По дороге вдруг раздался конский топот. Все бросились в кусты и застыли. . . . . . . . . .

К помещику по Чухлинке прокатил на тройке пристав, после тяжбы с крестьянами он как-то скоро завязал дружбу с полицией и приглашал то исправника, то пристава в гости.

Конюх стоял у ограды и, приподняв голову, видел, как к имению, клубя пыль, скакали лошади.

Он поспешно скинул запорку, отворил ворота, снял, заранее приготовившись, шапку и стал ждать.

Когда пристав подъехал, он поклонился ему до земли, но тот, как бы не замечая, отвернулся в сторону.

— Где барин? — спросил он выбежавшую кухарку, расстилавшую ему ковер.

— В Пасике, ваше благородие, — ответила она. — Послать или сами пойдете?

— Сам схожу.

— Борис Петрович! — крикнул он, выпятив живот и погромыхивая саблей.

По оврагу прокатилось эхо, но ответа не последовало.

В глаза ему бросилась ветка желтых крупных орехов, он протянул руку и, очистив от листьев, громко прищелкивая языком, клал на зуб.

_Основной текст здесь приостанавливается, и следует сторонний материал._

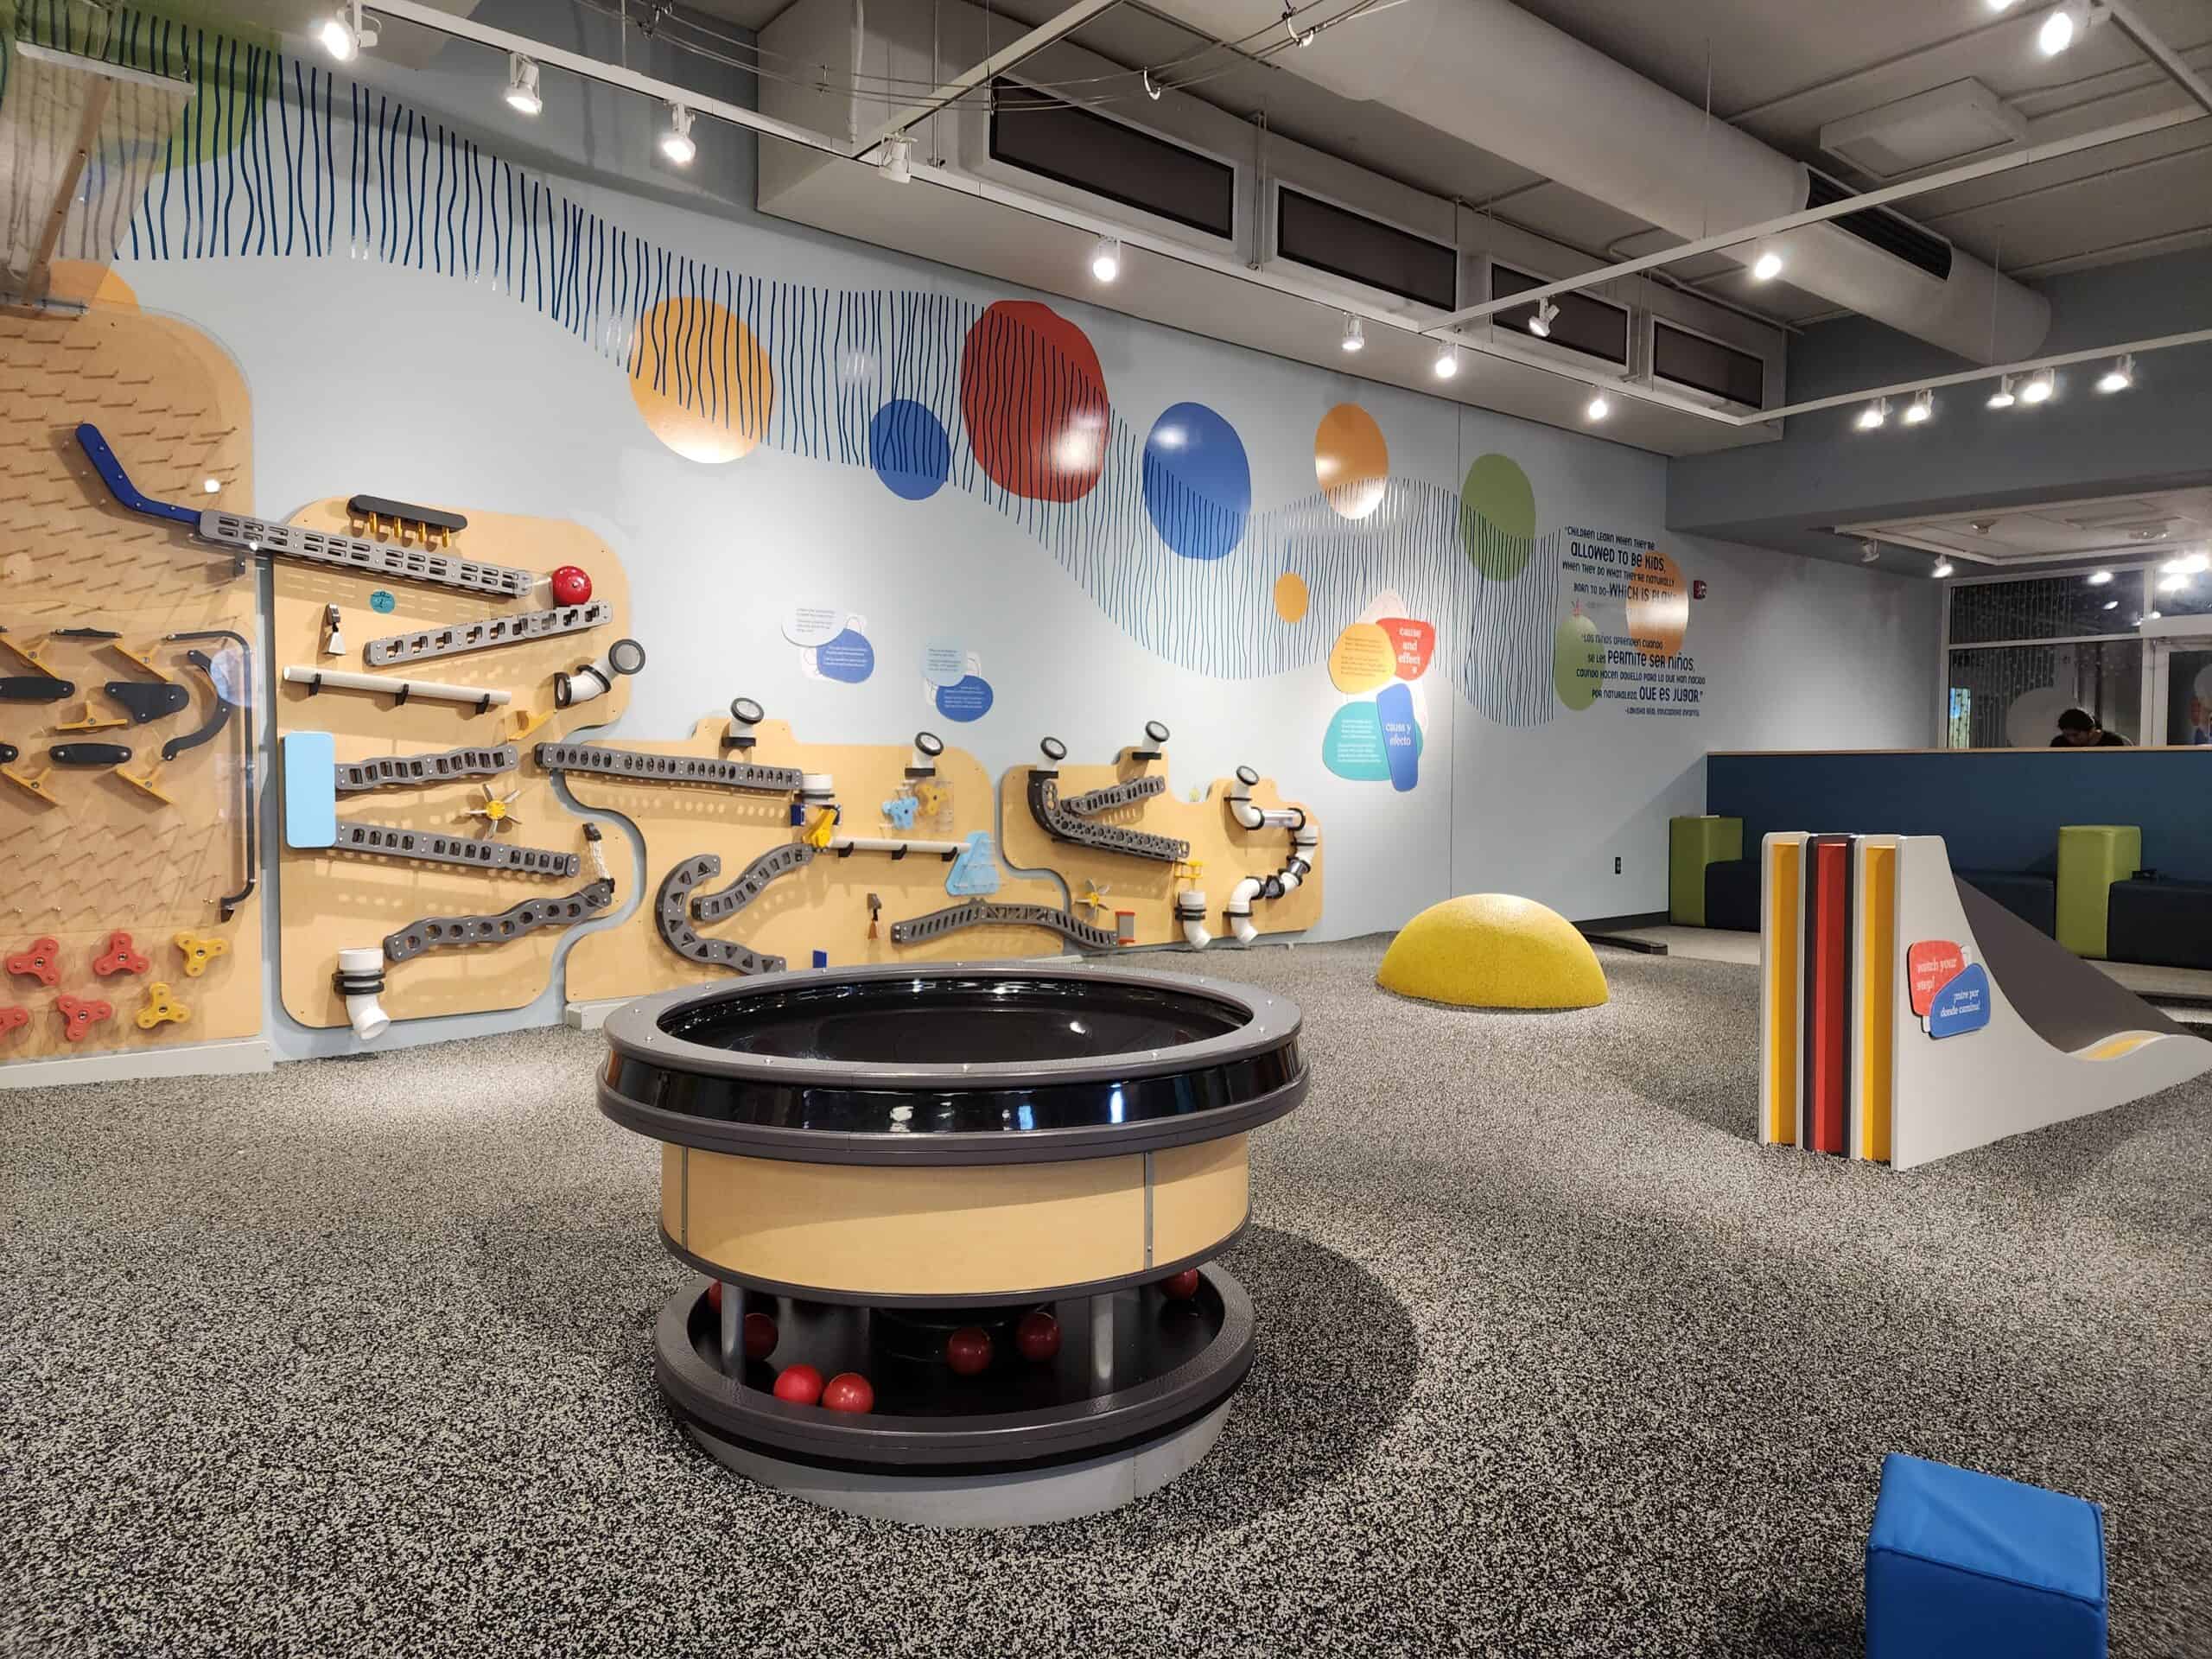 Colorful indoor playground at a facility in Durham, NC, featuring a wall-mounted ball track and interactive play areas with educational elements designed for children's creative learning and play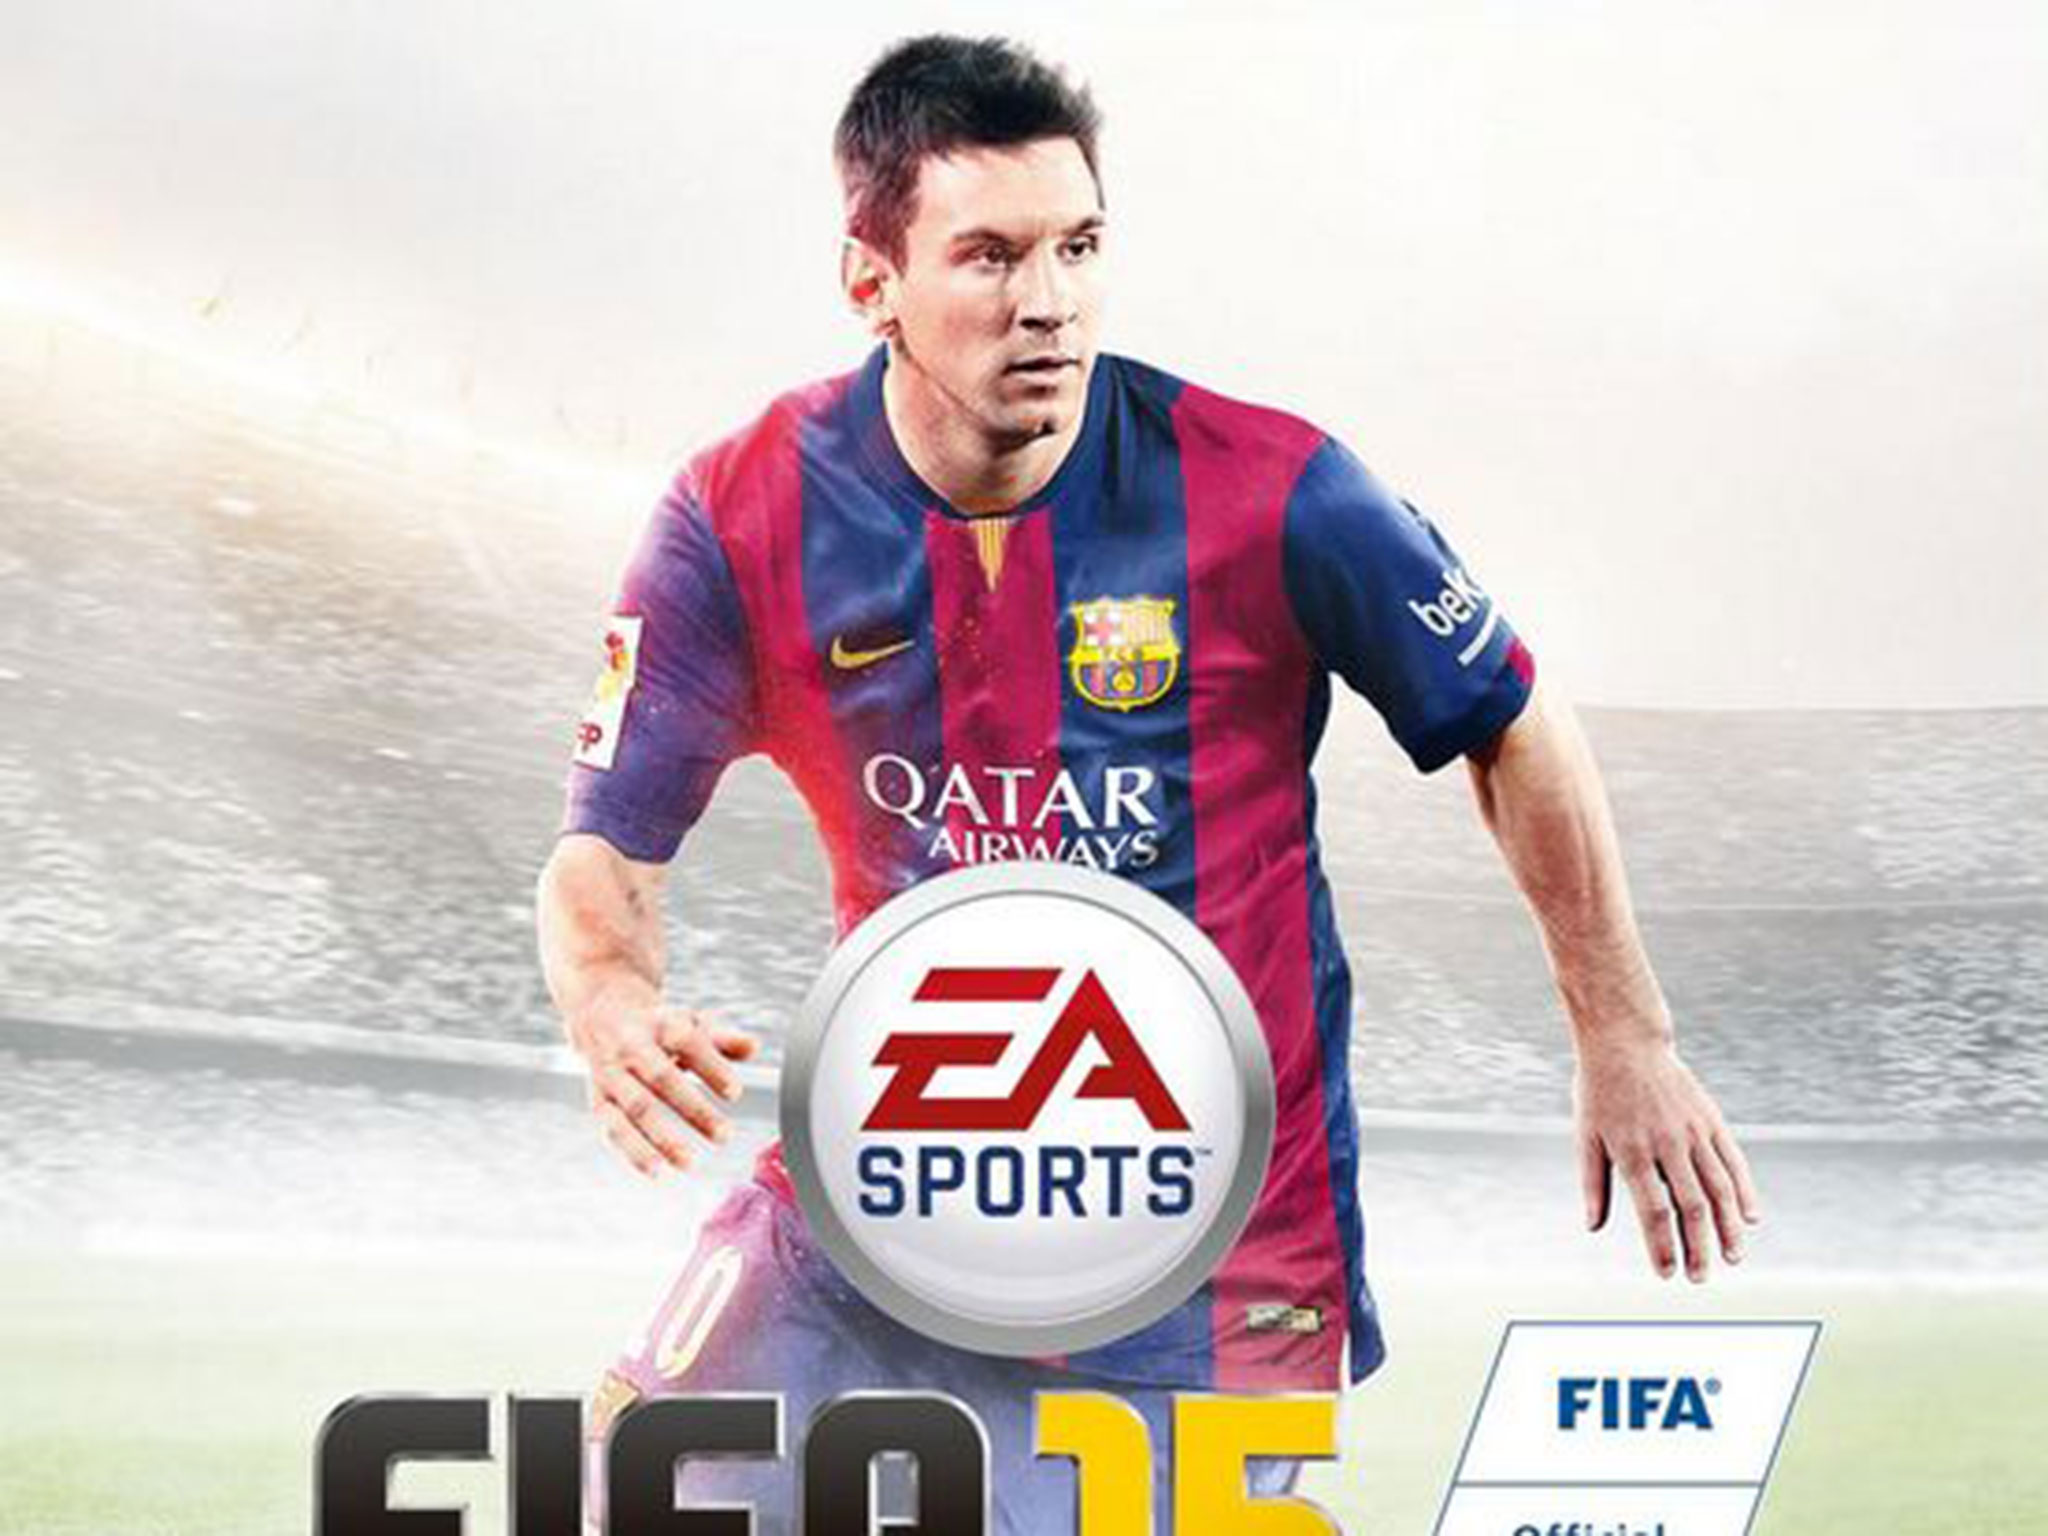 Messi And Fifa Poster Games Wallpaper Image High

— Борис Петрович! — крикнул он опять и стал спускаться в овраг.

Глаза его застыли, а поседелые волосы поднялись ершом.

В овраге на осыпанной глине лежал Борис Петрович.

Он кубарем скатился вниз и стал осматривать, поворачивая, труп.

Рядом валялся со взведенным курком пистолет.

— Горячий еще! — крикнул вслух. — Мужики проклятые, не кто иной, как мужичье!

— Проехали, — свистнул чуть слышно Филипп, толкая соседа. — Трое, кажись, проскакали.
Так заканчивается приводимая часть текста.